* [REQUIRED ACTION]:
Return the data that follows exactly as it appears. Pictures do not belong in the copy.

* [DATA SHOWN]:
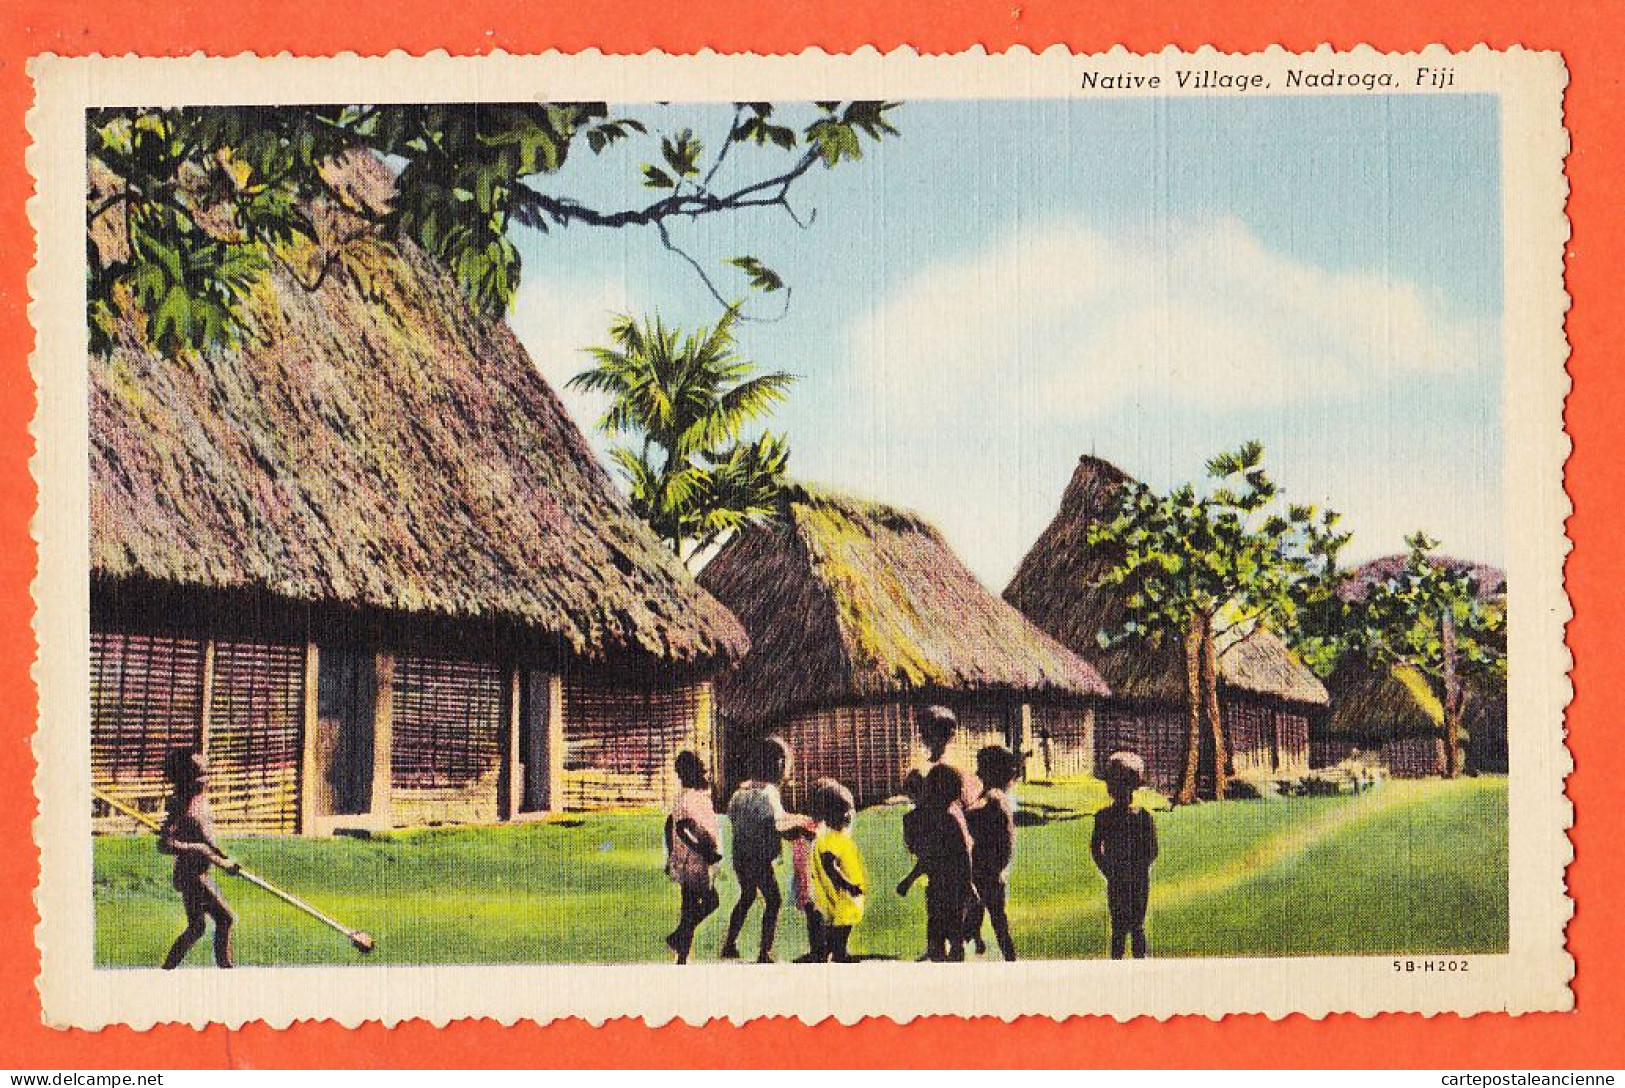 08098 ● ● NADROGA Fiji Native Village 1930s Fidji 5B-H202 - Fidji
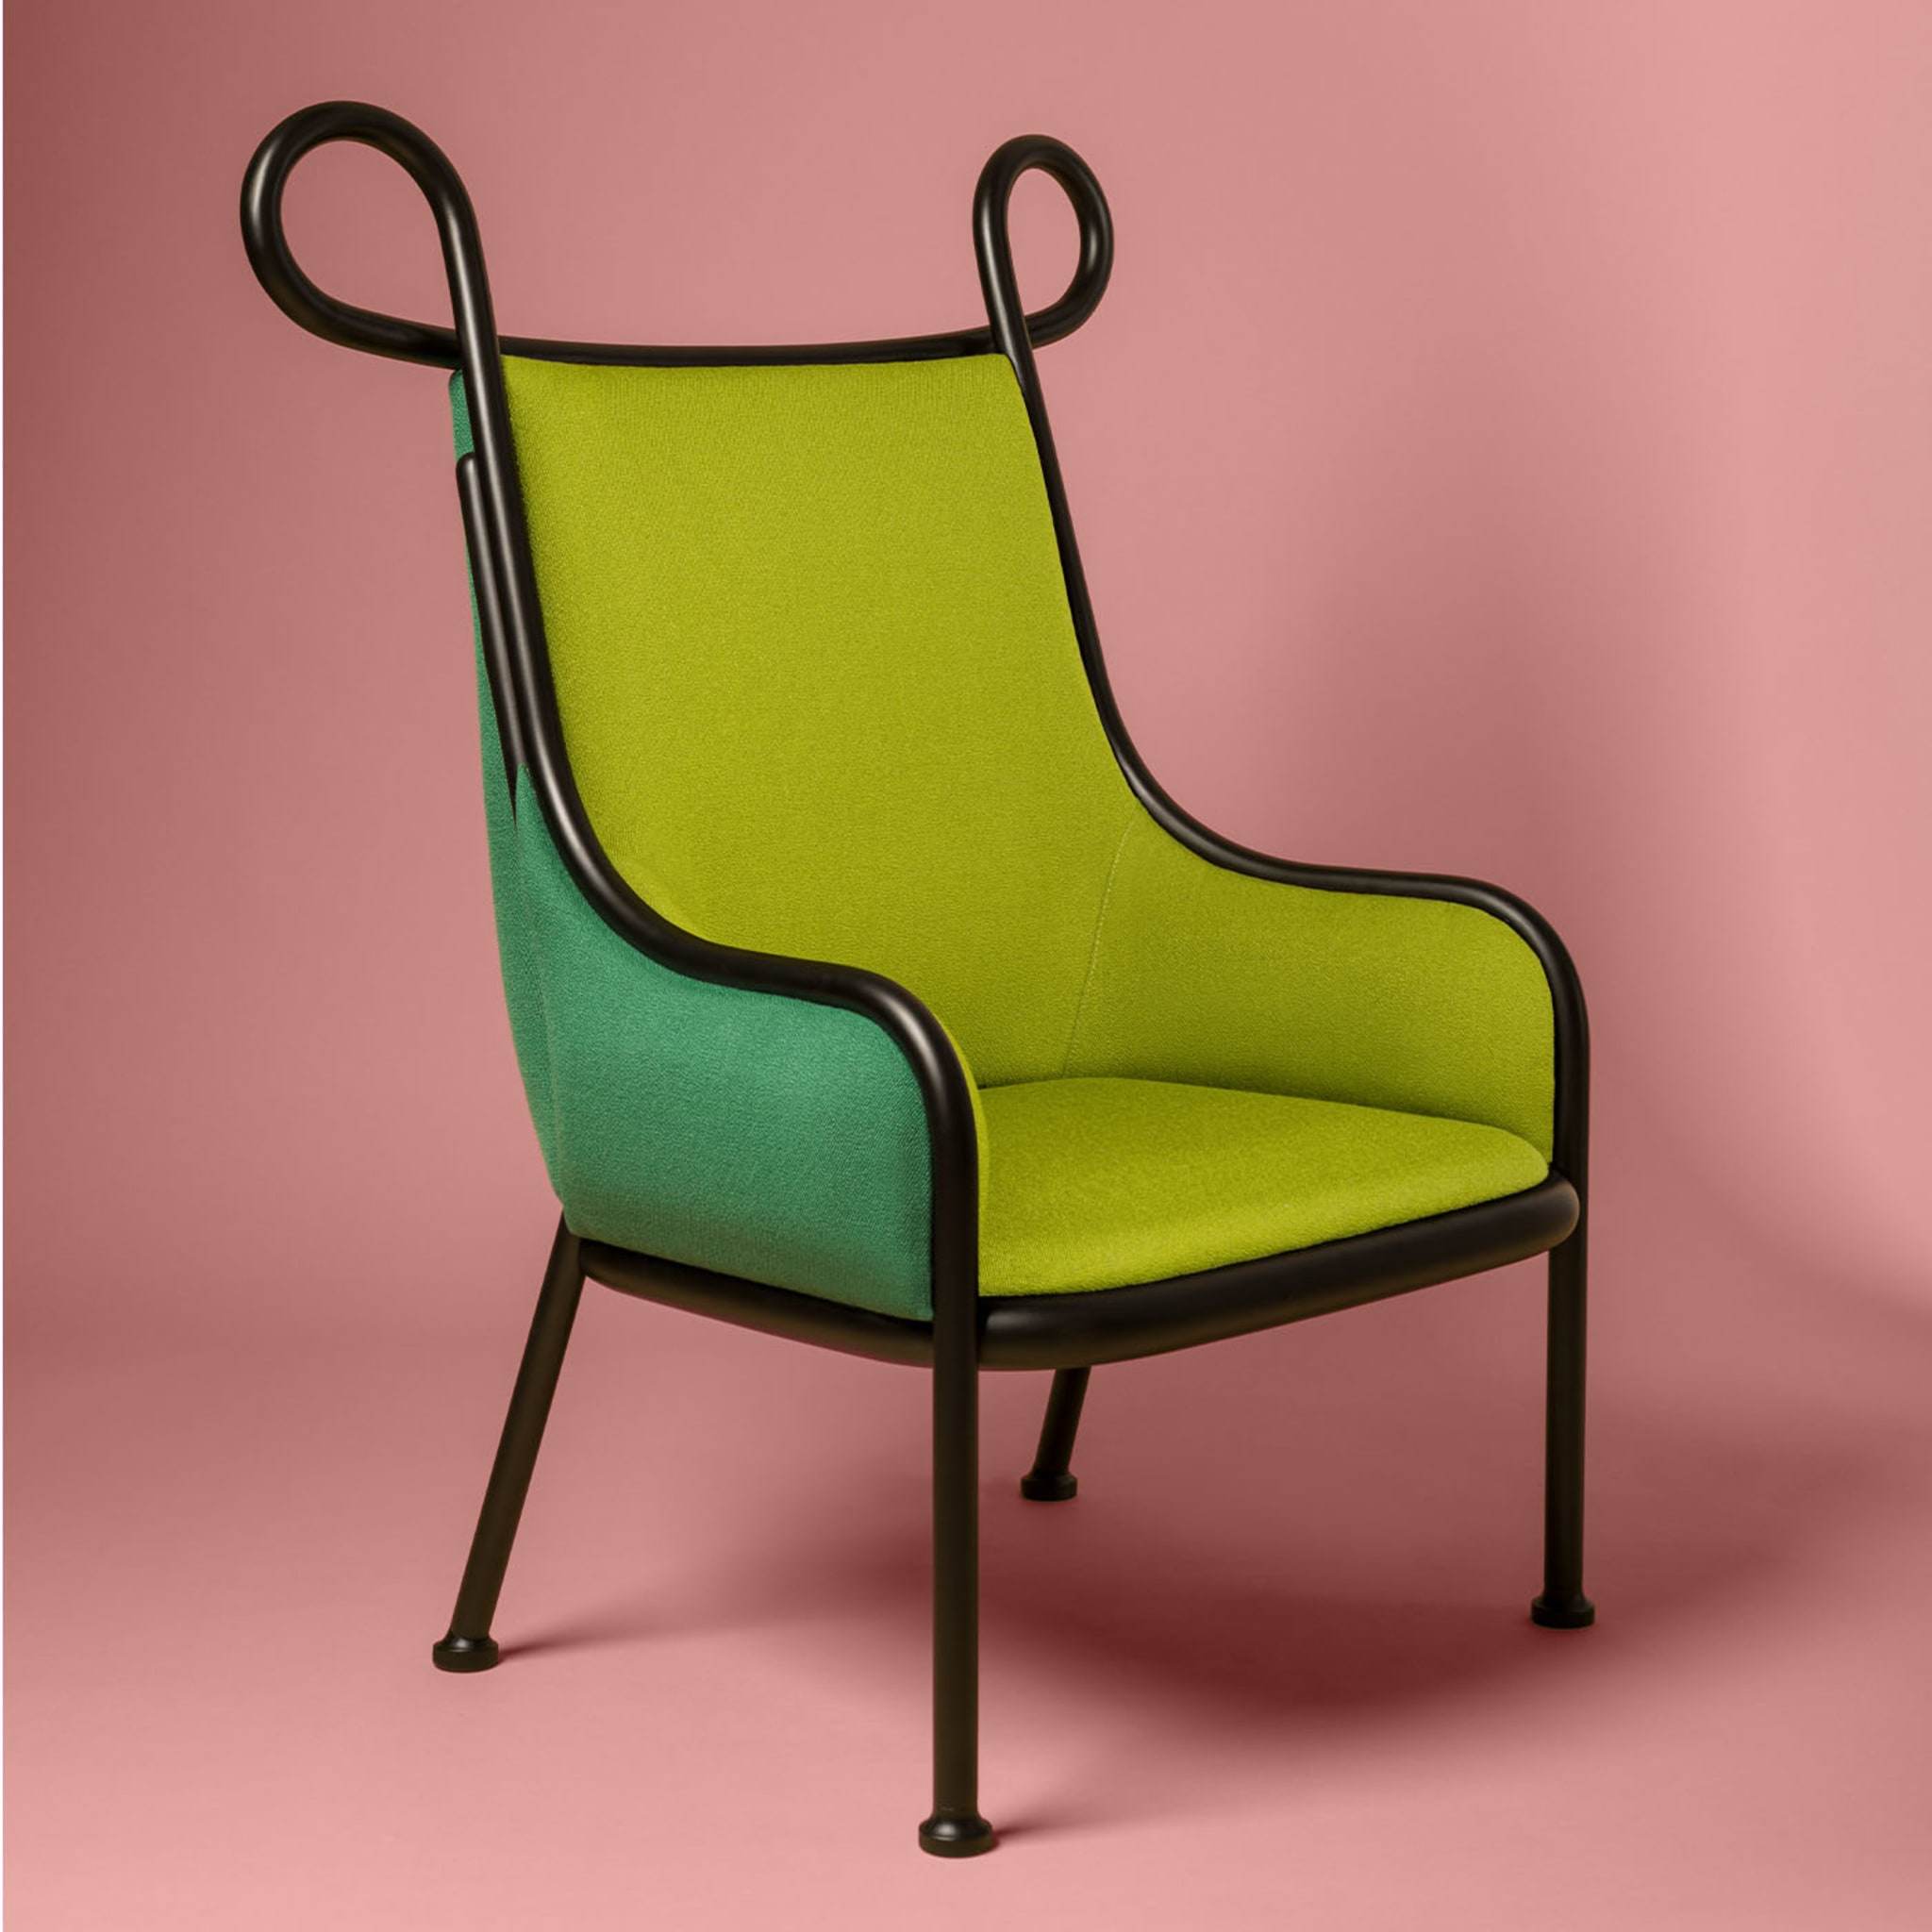 Mickey Green Lounge Chair by India Mahdavi - Alternative view 4
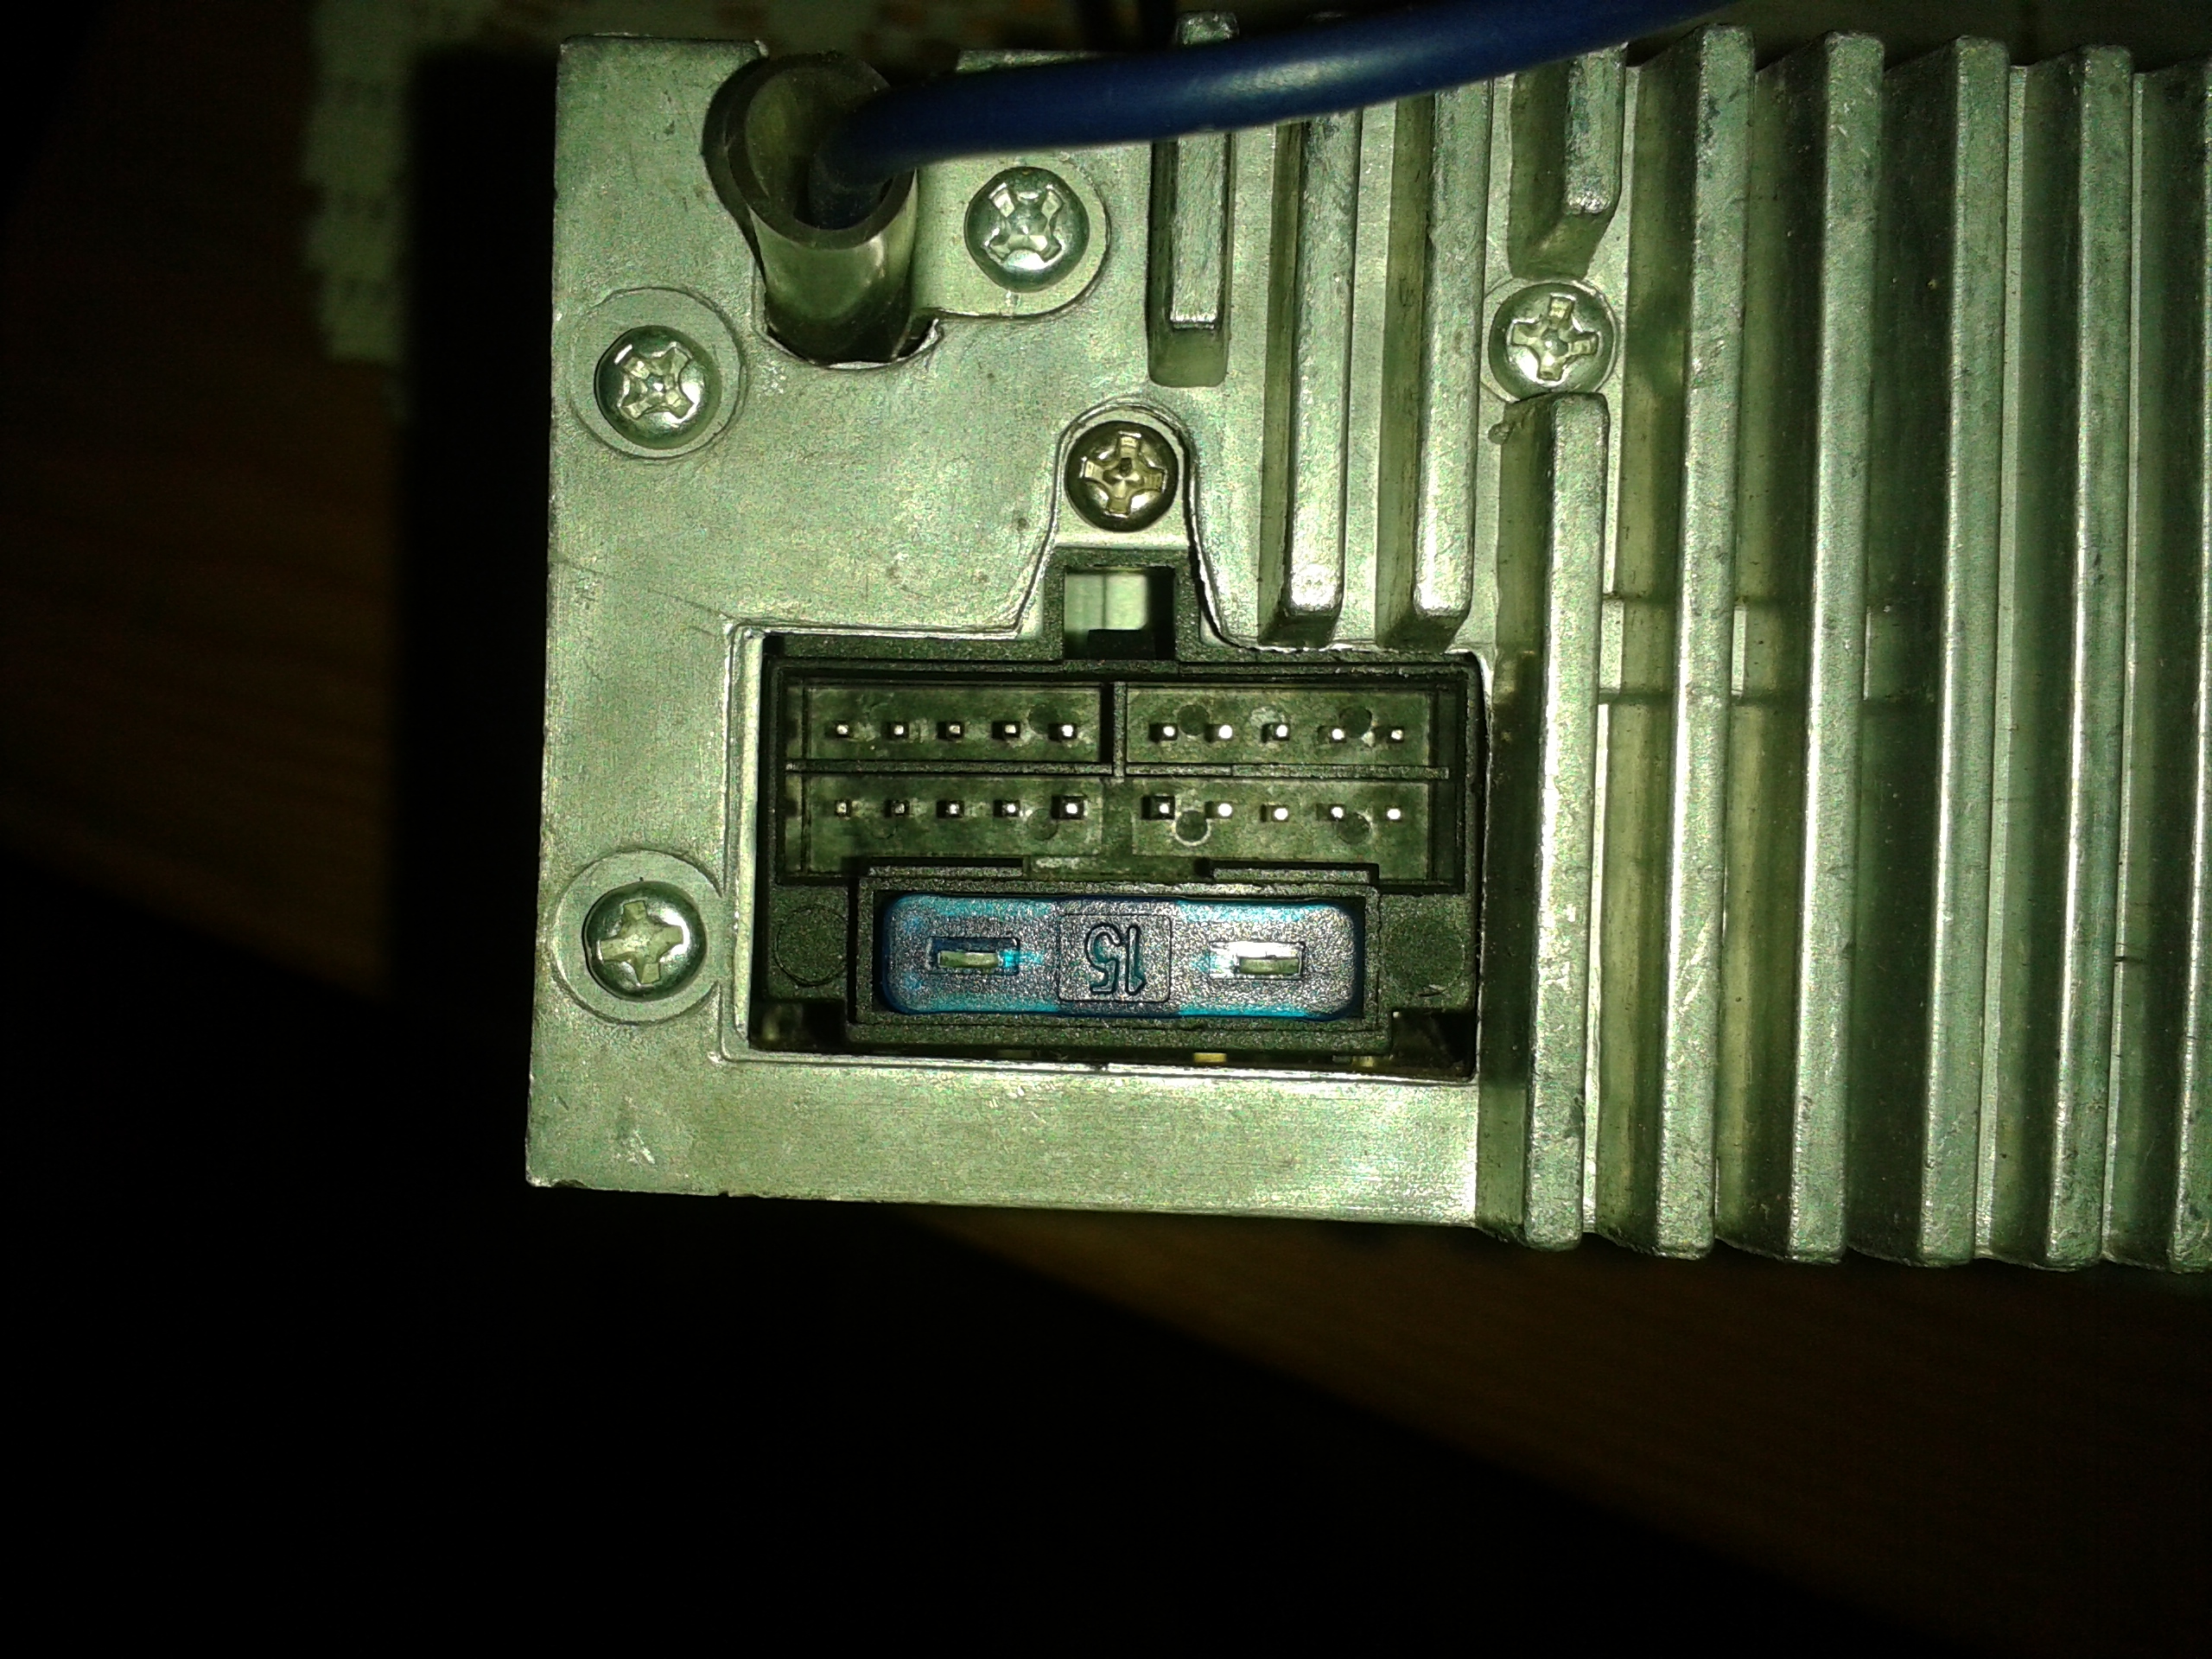 Kostka do radia BOSS RDS3160MP3 elektroda.pl

* [SOLUTION TO THIS EXERCISE]:
 08098 ● ● NADROGA Fiji Native Village 1930s Fidji 5B-H202 - Fidji
 Mickey Green Lounge Chair by India Mahdavi - Alternative view 4
 Kostka do radia BOSS RDS3160MP3 elektroda.pl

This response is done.